Democrats reject proposed US House fiscal plan
US Democrats have rejected a proposal from House of Representatives Republicans to extend the debt limit and reopen the federal government.
The White House criticised what it called an attempt to appease a small group of conservatives, but praised a parallel bipartisan Senate plan.
The White House balked at the House's proposed amendments to President Barack Obama's signature healthcare law.
The US must raise its $16.7tn (£10.5tn) debt limit by Thursday or risk default.
It remains unclear whether Congress can agree a deal in time to avert the economic calamity in the US and across the world that economists say could result.
The US House of Representatives would vote on Tuesday night on its bill to reopen the government and avoid default, said Republicans.
Meanwhile, Fitch credit agency placed the US AAA rating under review for a downgrade.
The Senate plan, outlined on Monday evening, would fund the government through mid-January and raise the debt ceiling until February, creating room for negotiators to agree a longer-term budget.
The House plan largely mirrored the Senate timeline until Representative Devin Nunes said on Tuesday afternoon it had been amended to fund the government only until 15 December.
The California Republican said the revised House plan also dropped earlier attempts to delay a medical device tax used to pay for healthcare subsidies under the Affordable Care Act.
The House plan would also eliminate healthcare subsidies for the president, vice-president, members of the president's cabinet, and members of Congress and their staff.
The health law passed in 2010, was subsequently validated by the Supreme Court, and was a central issue in the 2012 presidential election, which Mr Obama won handily.

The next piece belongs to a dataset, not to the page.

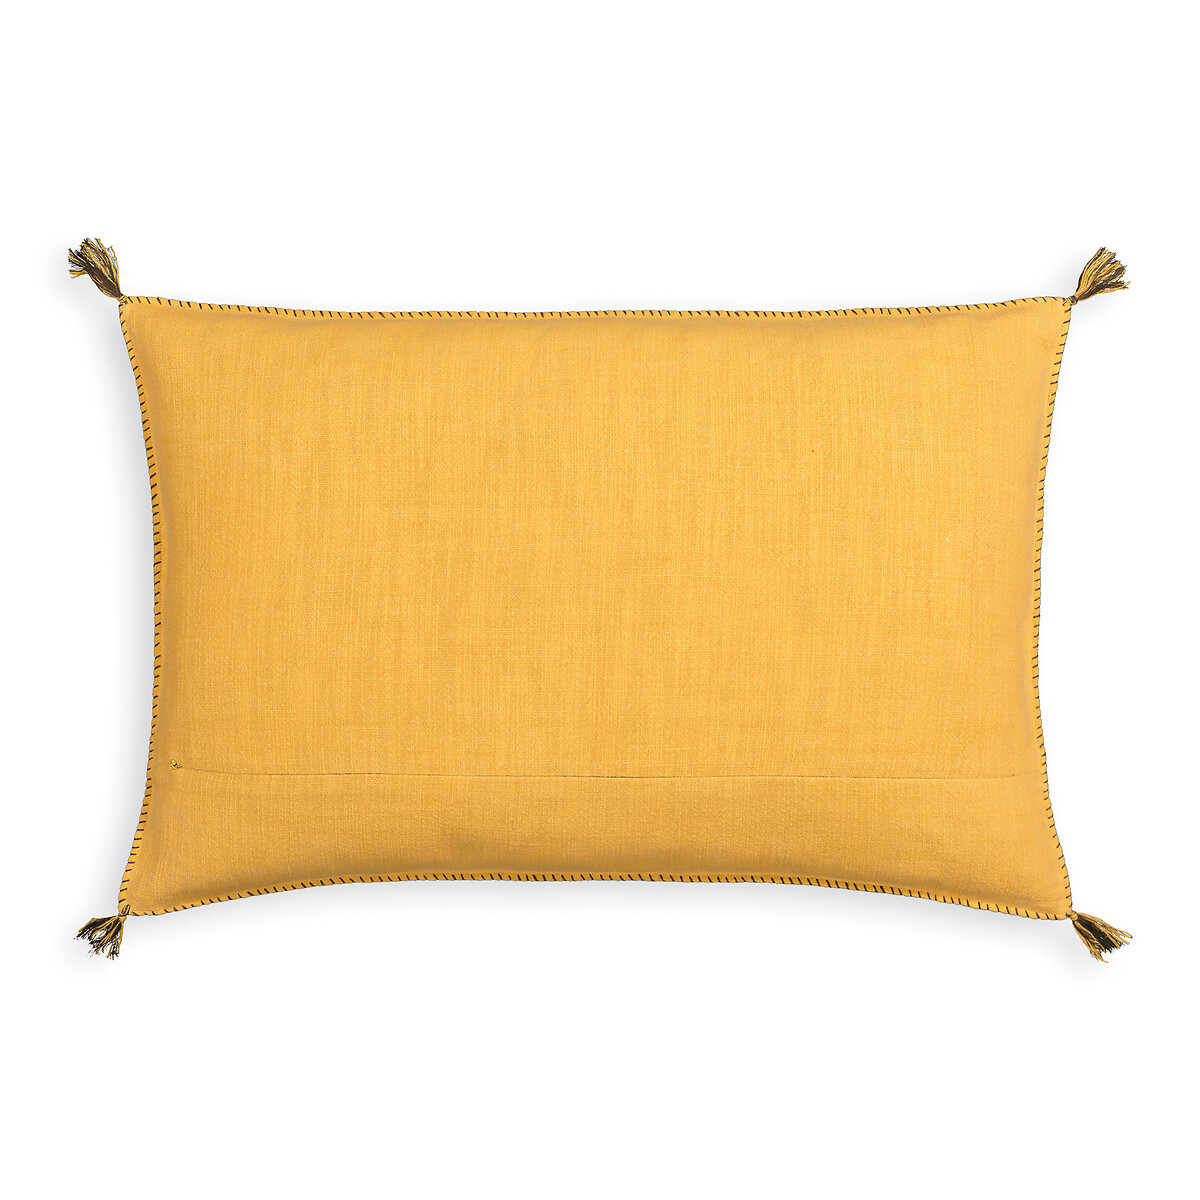 Чехол На подушку из льнахлопка Chad 60 x 40 см желтый LaRedoute, размер 60 x 40 см - фото 2
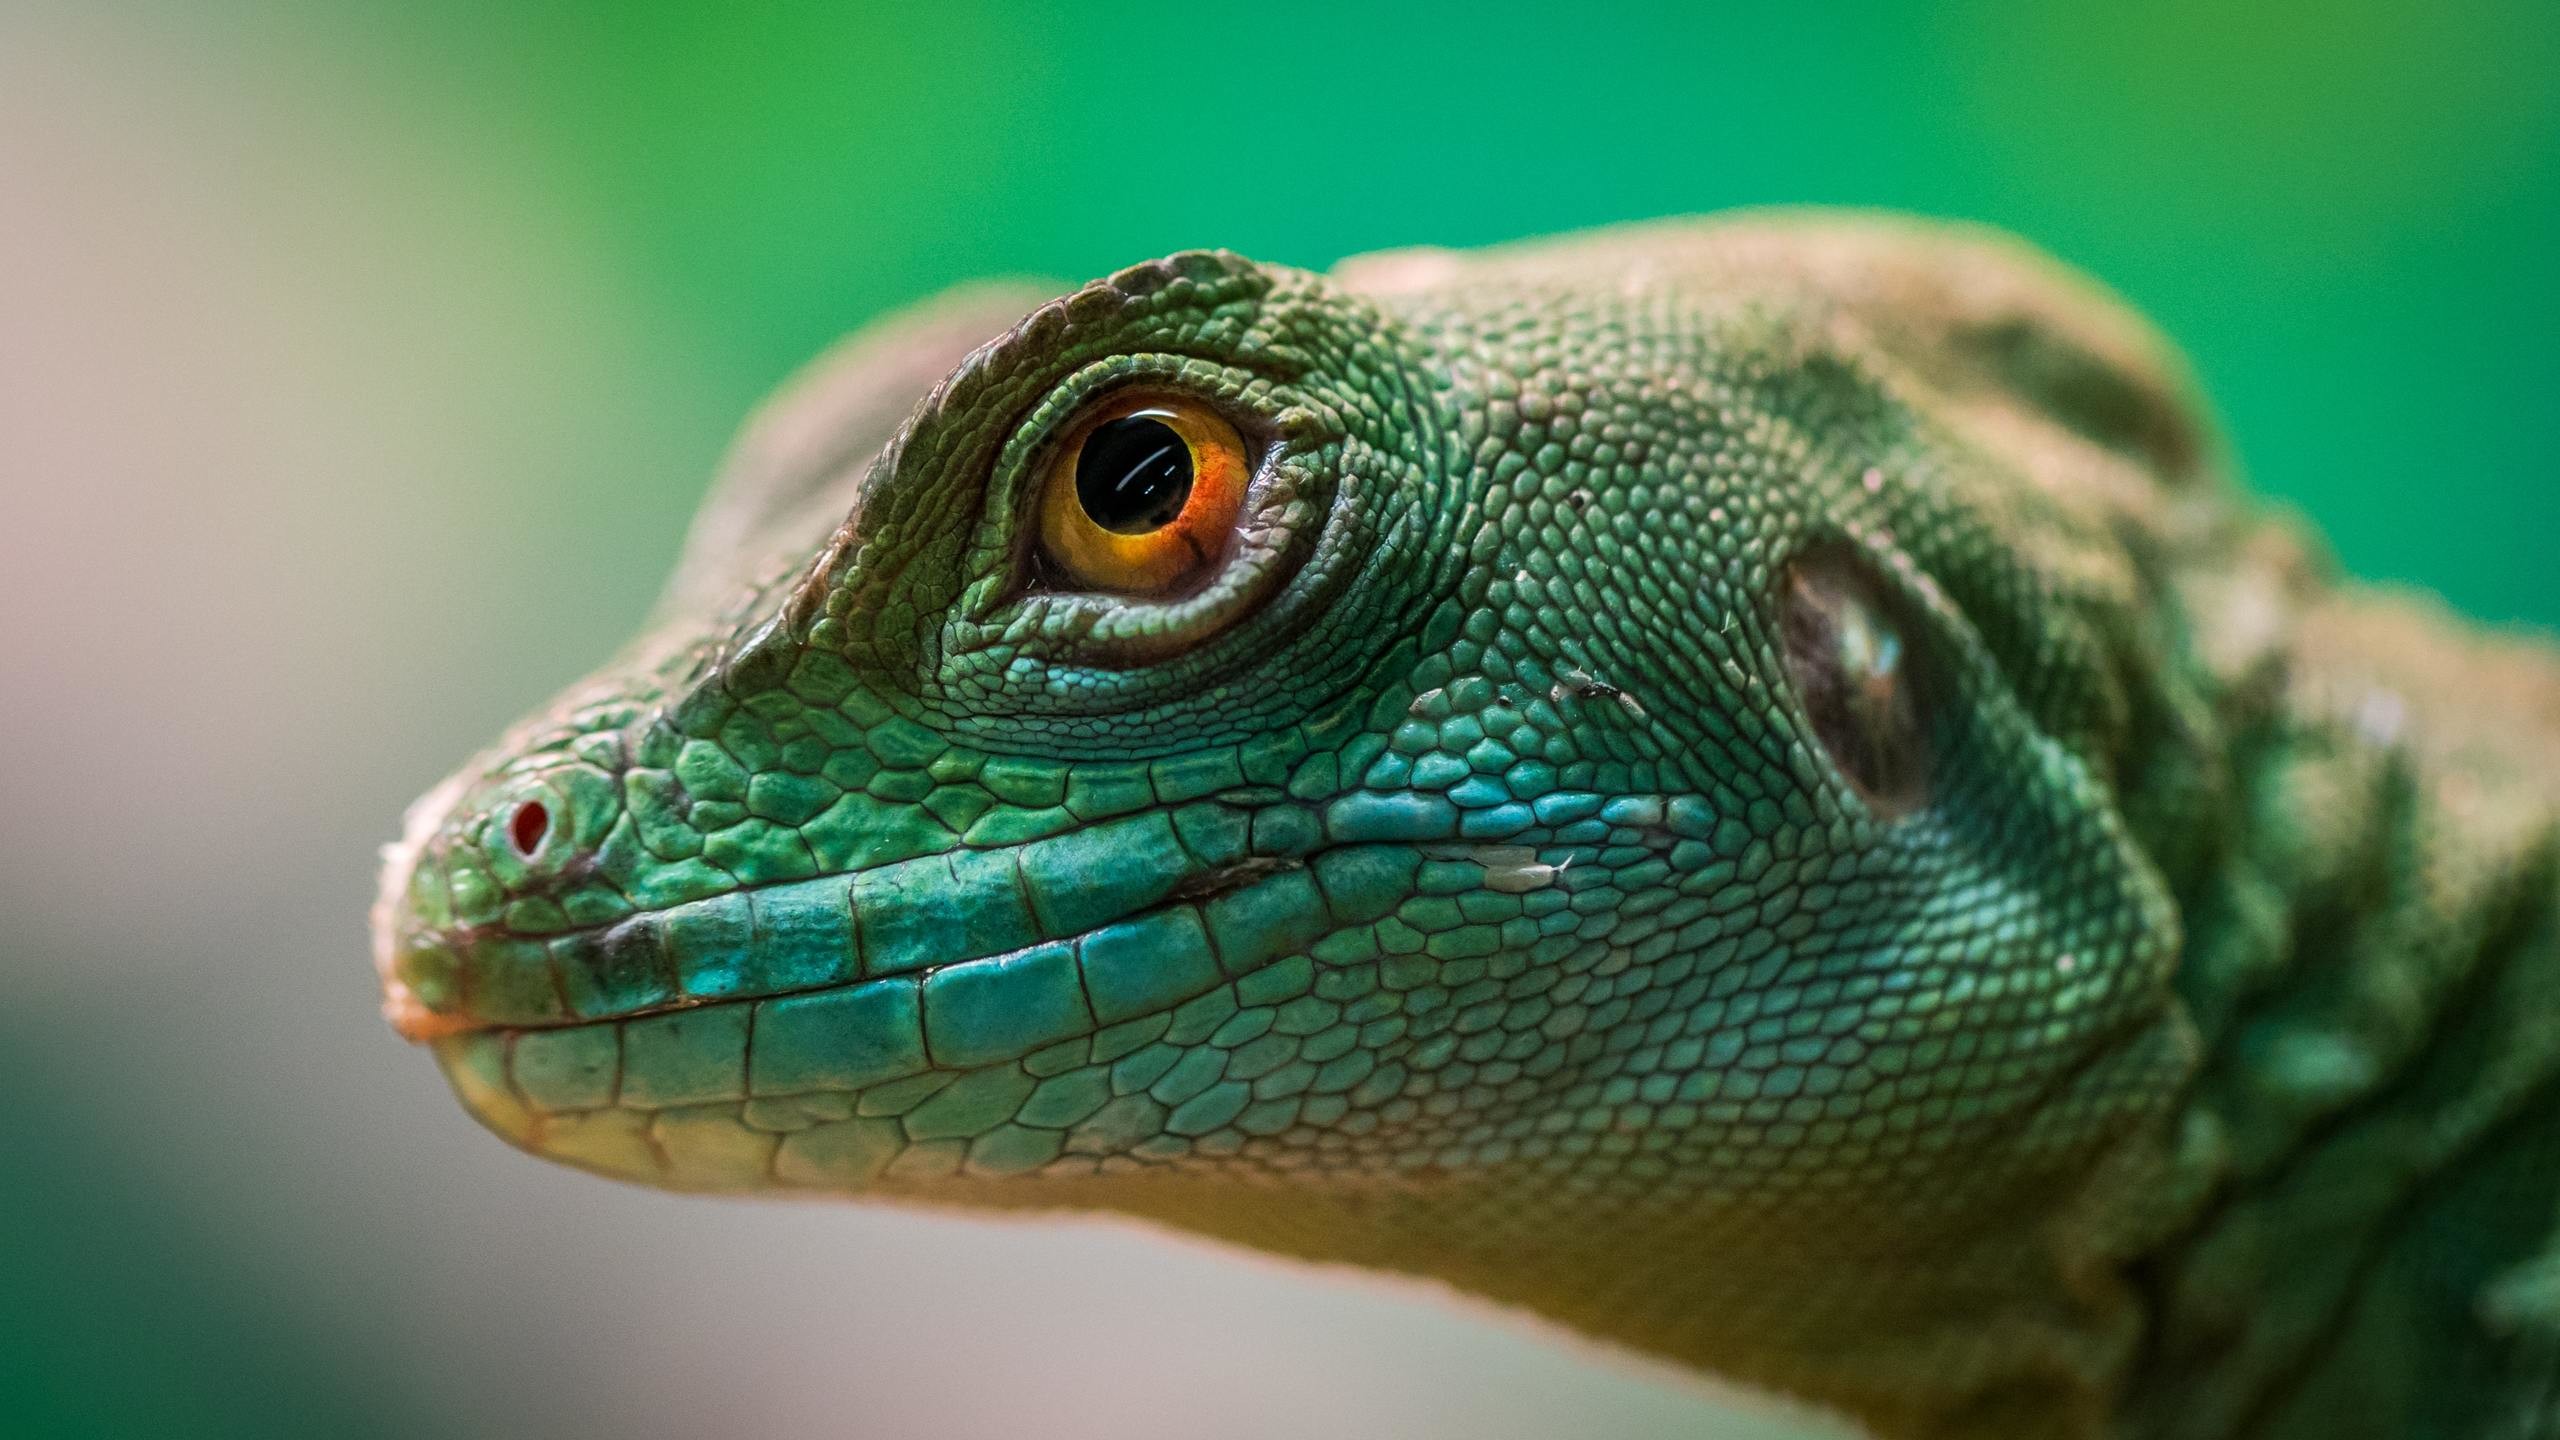 2560x1440 green-lizard-reptile-macro-4k-jv.jpg

Many key provisions have already taken effect, and more begin next year.
On Tuesday, Mr Obama rejected what an aide described as Republicans' attempts to extort "ransom" while the government remained shut and the threat of a debt default loomed.
"Unfortunately, the latest proposal from House Republicans does just that in a partisan attempt to appease a small group of Tea Party Republicans who forced the government shutdown in the first place," said White House spokeswoman Amy Brundage, referring to a faction of hardline conservatives who hold significant sway in the House.
Later, Republican House Speaker John Boehner said that both parties were trying to find a way forward and that Tuesday morning's House plan was focused on "fairness for the American people under Obamacare".
"There have been no decisions about exactly what we will do," he told reporters on Tuesday. "There are a lot of opinions about what direction to go."
But following a meeting with Mr Boehner and GOP moderates on Tuesday Republican representative Charlie Dent told the media his "best estimate is that there aren't the votes to pass it".
House and Senate Democrats immediately joined Mr Obama in denouncing the House Republican proposal.
Senate Majority Leader Harry Reid said the plan was "an extreme piece of legislation and it's nothing more than a blatant attack on bipartisanship". He said it would never pass the Democratic-controlled Senate.
Mr Obama is scheduled to meet House Democrats on Tuesday afternoon as the clock ticks to Thursday's debt ceiling deadline.
Even if a deal is reached in the Senate, it is unclear whether Congress could act in time to pass legislation that would avert the 17 October default deadline.
Hardline conservatives such as Texas Republican Ted Cruz could use Senate rules to stonewall a vote.
In the House of Representatives, the Senate deal could meet fierce resistance from the Tea Party-aligned Republicans.
One of those conservative hardliners, Kansas Representative Tim Huelskamp, was quoted by the New York Times as labelling his upper chamber colleagues "the Senate surrender caucus".
"Anybody who would vote for that [Senate deal] in the House as Republican would virtually guarantee a primary challenger," he said.
Republicans have taken the brunt of blame for the latest fiscal cliffhanger to cripple Capitol Hill, according to opinion polls.
A Washington Post/ABC News survey on Monday found 74% of voters were unhappy with congressional Republicans' handling of the standoff, compared with a 53% disapproval rating for President Obama.
Some in the party have voiced concern that the affair could damage its prospects in next year's midterm elections.
The US Treasury has been using what are known as "extraordinary measures" to pay its bills since the nation reached its current debt limit in May. Those methods will be exhausted by 17 October, it has said.
Meanwhile, the government remains partially shut down because Congress failed to agree on funding by a 1 October deadline.
The impasse has closed a swathe of federal services and left hundreds of thousands of employees out of work.